Page 956 - Total War on PTSD
P. 956

 I do have issues with insomnia and I take something every night to help me sleep. It doesn't always work. If I don't take it, sometimes I am great at staying up for days on end. I deal with anxiety issues, especially with crowds and unfamiliar situations. I deal with anger, especially with those people who like to push your buttons. Sometimes, pushed the right way, or the wrong way depending on how you look at it, it sometimes triggers that deeper anger. My family agrees though that my anger issues have gotten significantly better...or rather they are less of an issue...less triggered than before.

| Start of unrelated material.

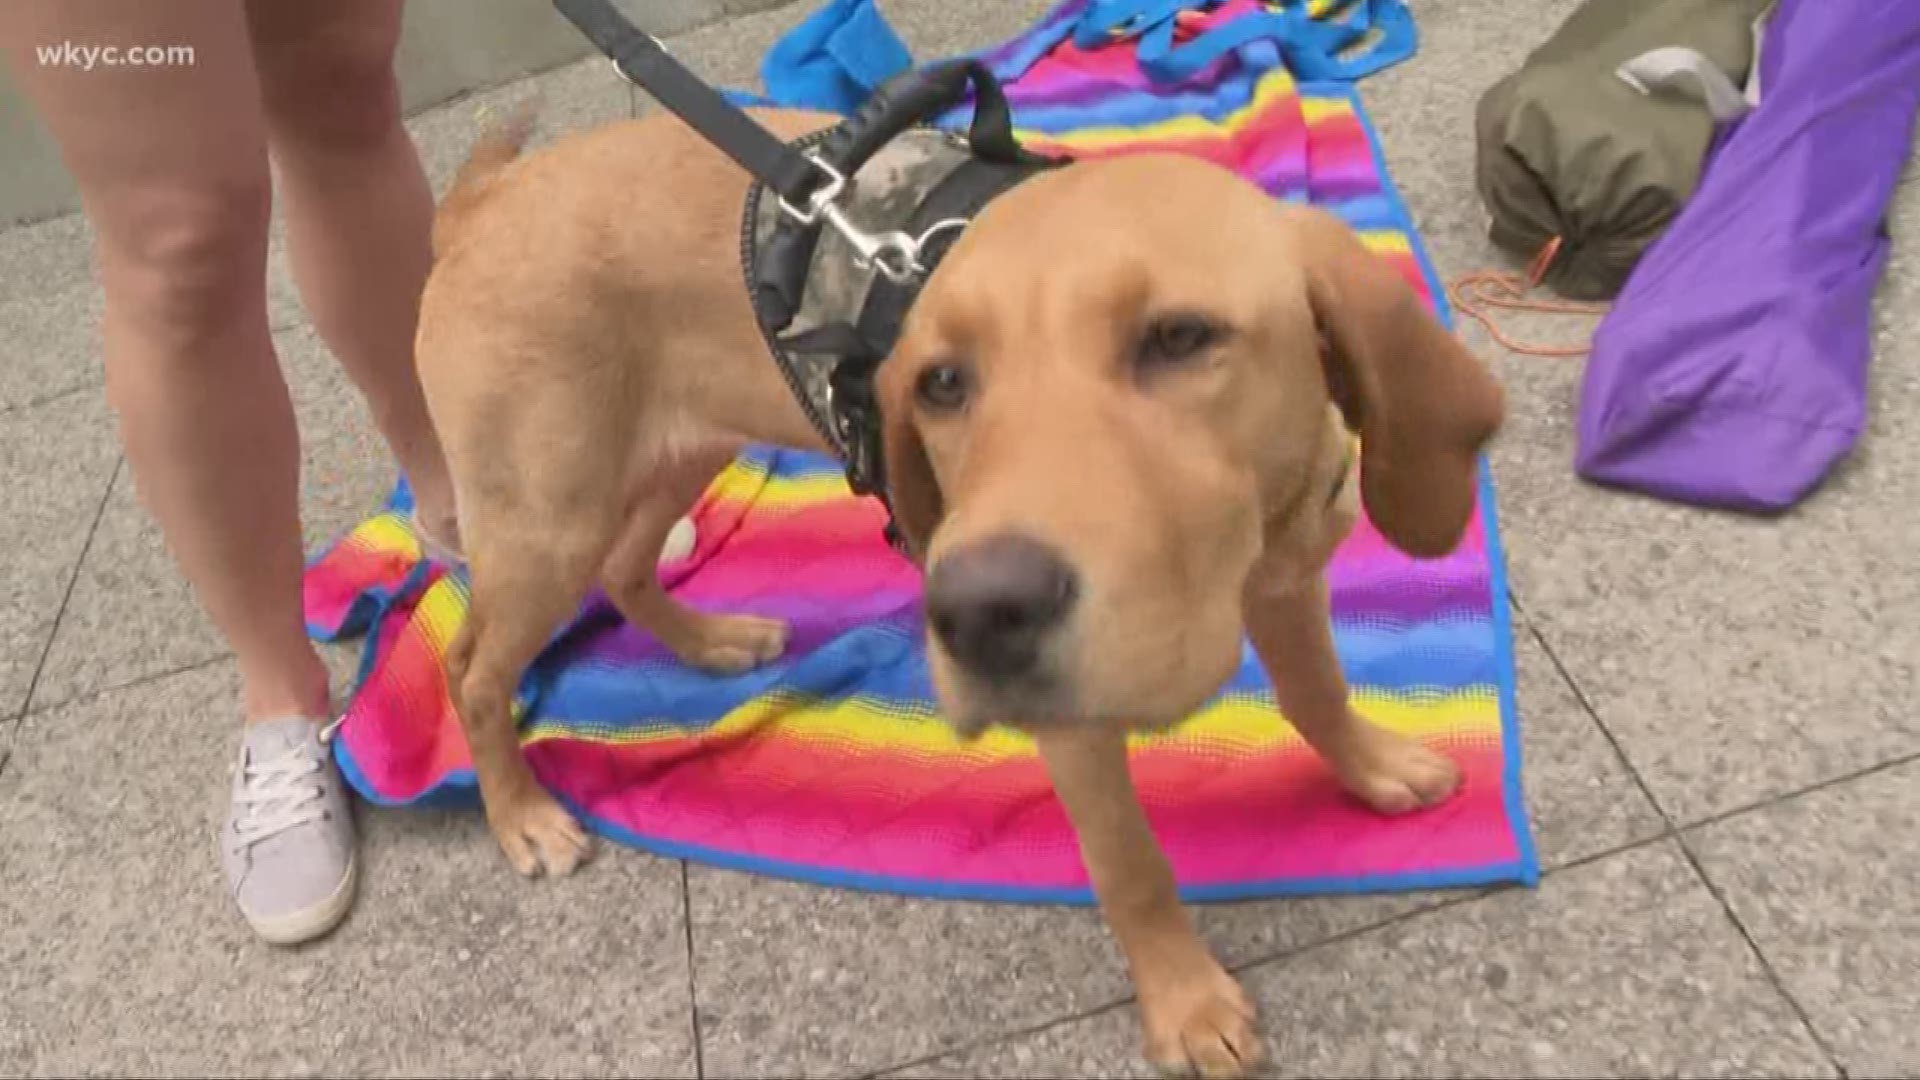 June 13, 2019: Over the weekend, Roxy and several other service dogs proudly represented Wags 4 Warriors at Tunnel 2 Towers climb, which took place at One Cleveland Center.  The event was started by the family of New York City firefighter Stephen Siller, who died on September 11, 2011. Siller, who was off-duty at the time the first plane crashed into the World Trade Center, raced from Brooklyn through Battery Tunnel to help rescue as many people as he could before he died in the collapse.

I feel like PTSD is a weakness in the sense that it shouldn't be happening...that I am better than that. That, with my background and my training and the job that I do, that I should be above that. I recognize now that it's not a weakness and that being able to deal with it and persevere through it is actually a strength...to not be broken. I have definitely undergone an attitude change in that regard. I don't really see a difference between the 'label' of PTSD or PTS. You either have the issues, the PTSD, or you don't. One letter doesn't really make a difference. There are still a lot of people who don't want to show accept that they have such an issue; there are some who really don't know they have it; and there are others who don't develop the issue until much later in life, once they retire from work or the military. Sometimes PTSD shuts some people's lives down and not others. It all depends on the individual and their own experiences. I have issues of my own in relation to my amputation. A lot of the guys I know have moved on and it's as natural as can be to not have a leg. It's just one of those things. It's just different and everybody's different.